II. Embryology and Constitution
It is the remnant of the splanchnopleuric mesenchymal bed into which the airway tubes and blood vessels have grown during the lung morphogenesis. It has got the following constituents : (I) Matric; (ii) Cells.
A. Interstitial Mesenchymal Cell
1. Fibroblasts - these are engaged in active fibrogenesis and secrete collagen, proteoglycans and fibronectin - important constituents of the connective tissue matrix.
2. Myofibroblasts - they have contractile properties due to the presence of actin and myosin in them. Their function is unclear.
3. Pericytes - these are myofibroblasts associated with capillaries.
4. Smooth muscle cells are fully differentiated contractile cells found in the free edges of alveolar septa where they are incorporated into the strong connective tissue fibre strands.

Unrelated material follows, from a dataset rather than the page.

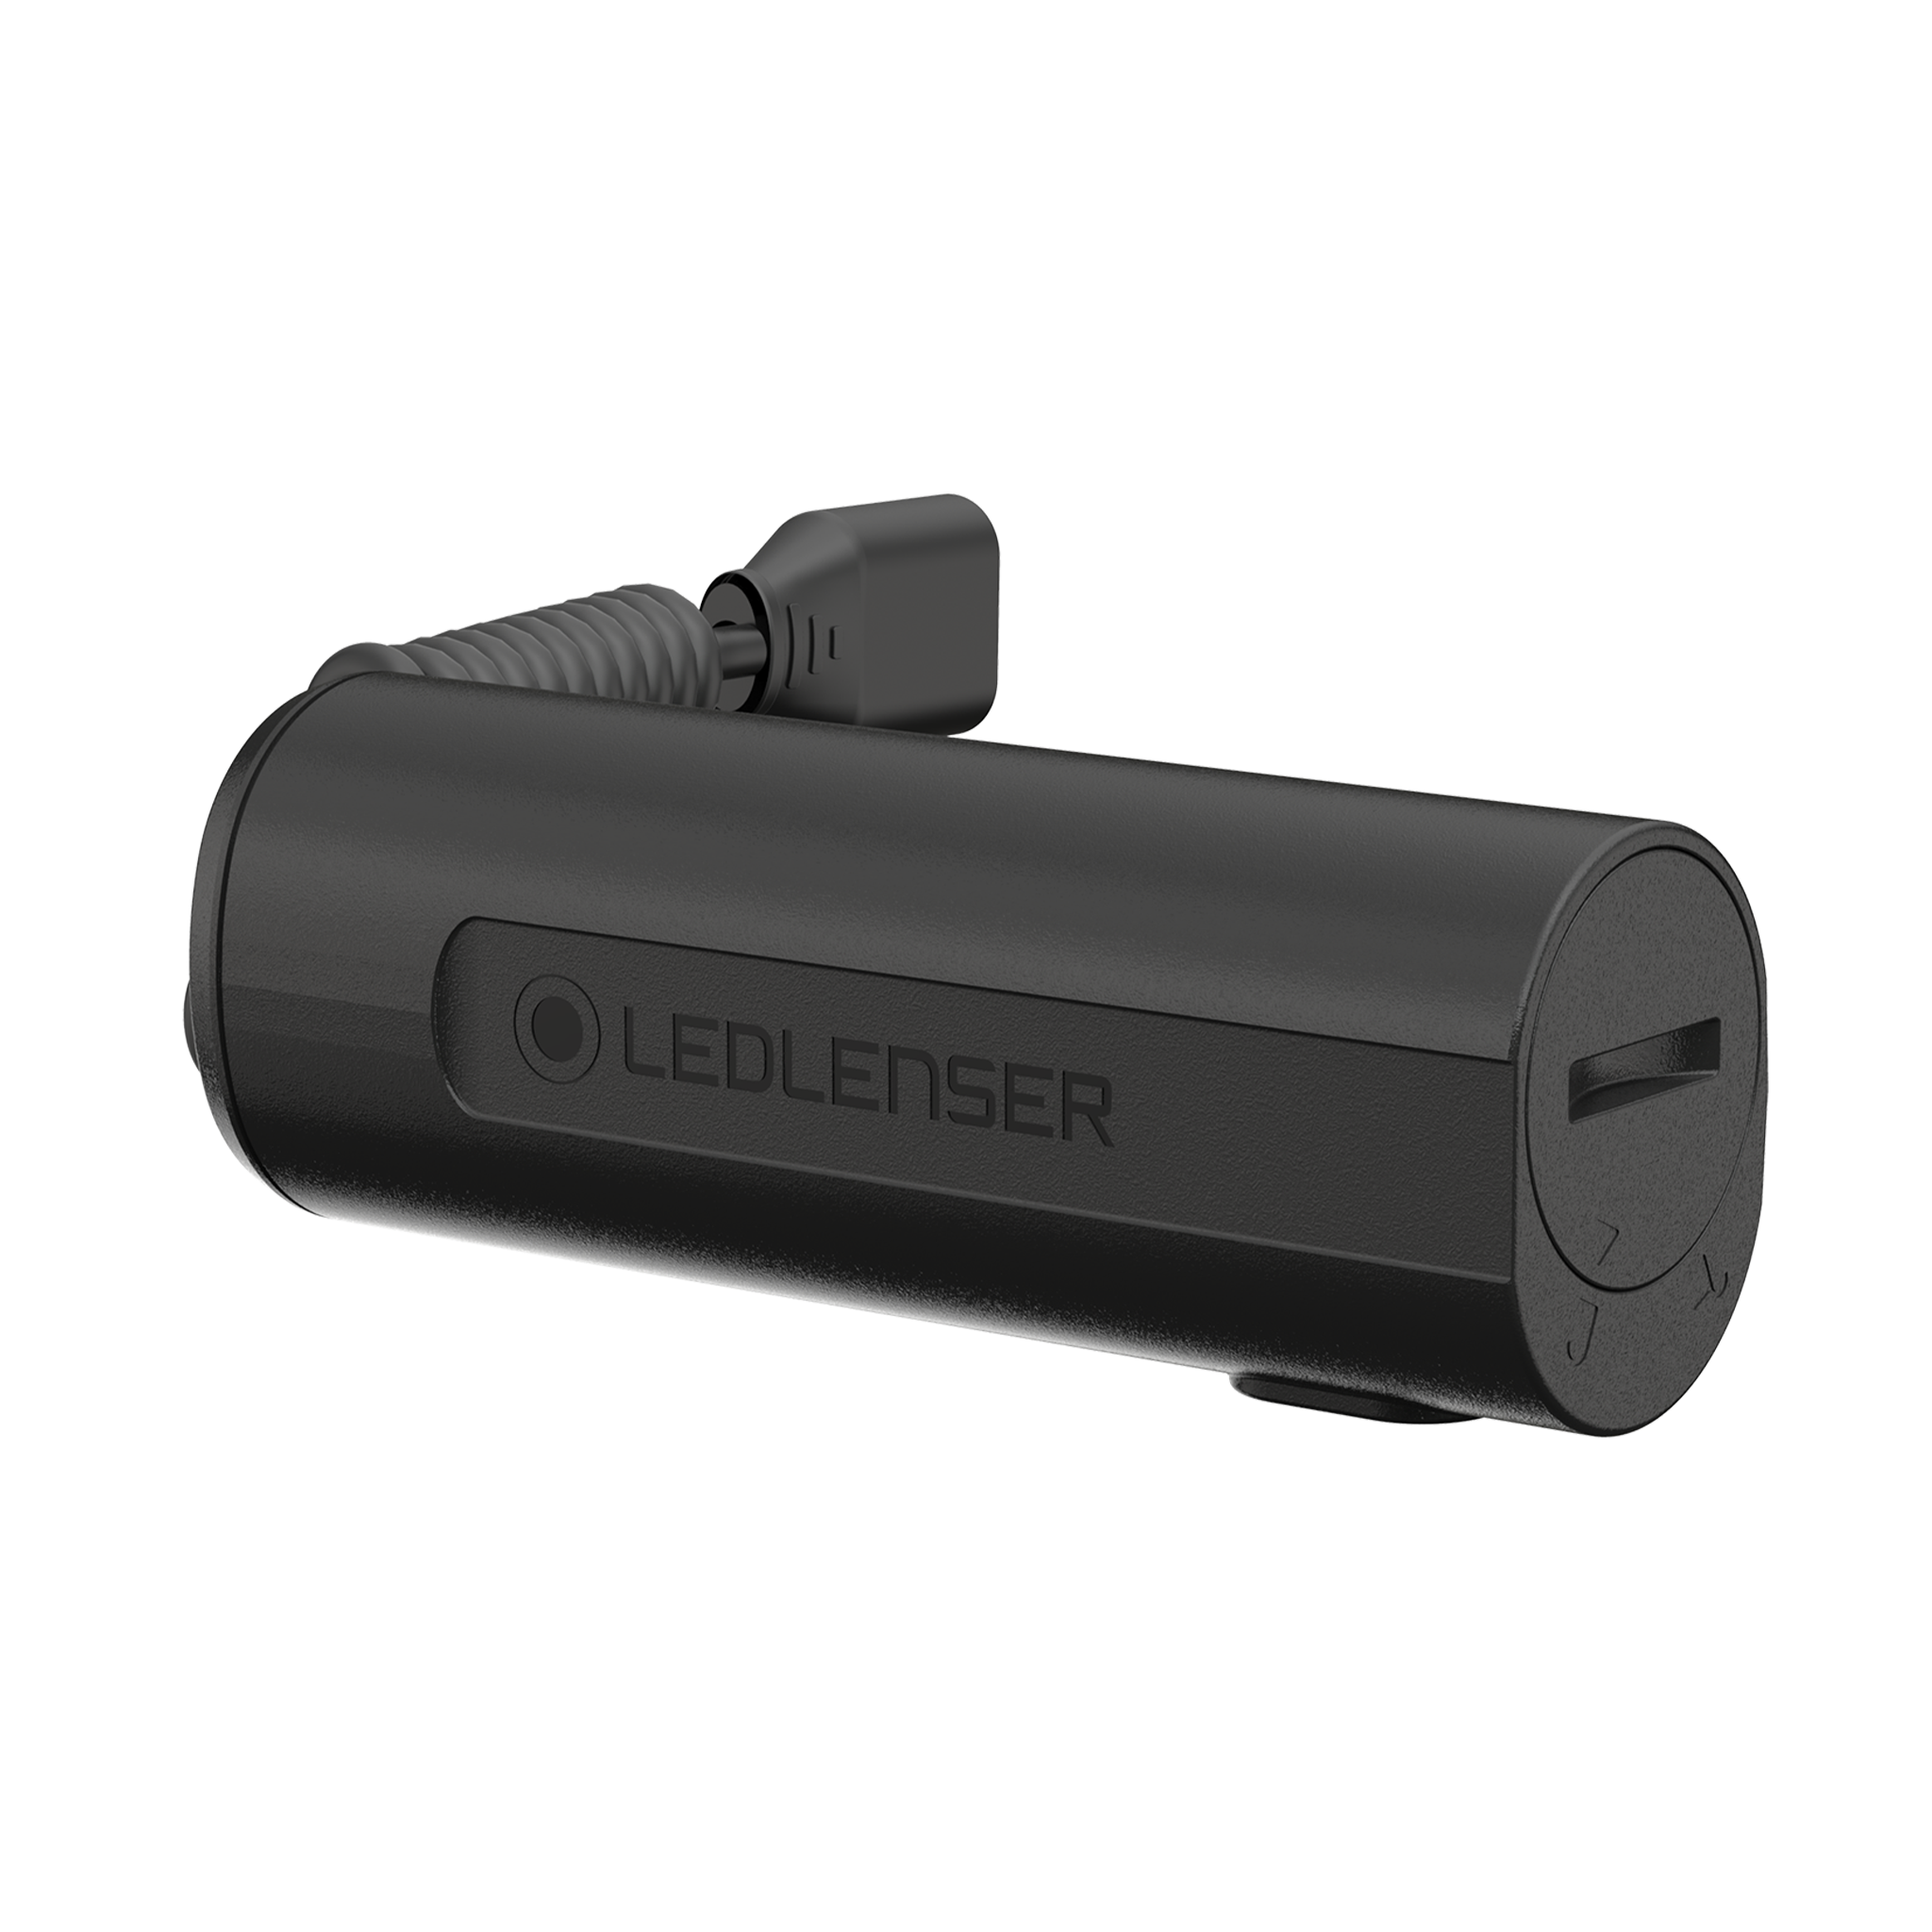 LEDLENSER 21700 li-ion batterie rechargeable 4800mah pour p7r  core/work/uv/signature, h7r core/work/signature

5. Undifferentiated mesenchymal cells are of a mixed cell population.
B. Interstitial Immune Cells
1. Mononuclear phagocytes - Morphologically, two types are easily recognized; alveolar macrophages and dendritic/ Langerhan's cells.
Alveolar macrophages have role in: a) defense against pathogens; b) ingestion and destruction of potential allergens; c) clearing of particulates and debris; d) presentation of antigens to T-lymphocytes; and e) clearing of antigens to regional lymph nodes. Dendritic/ Langerhan's cells are very efficient at presenting antigens to T-cells.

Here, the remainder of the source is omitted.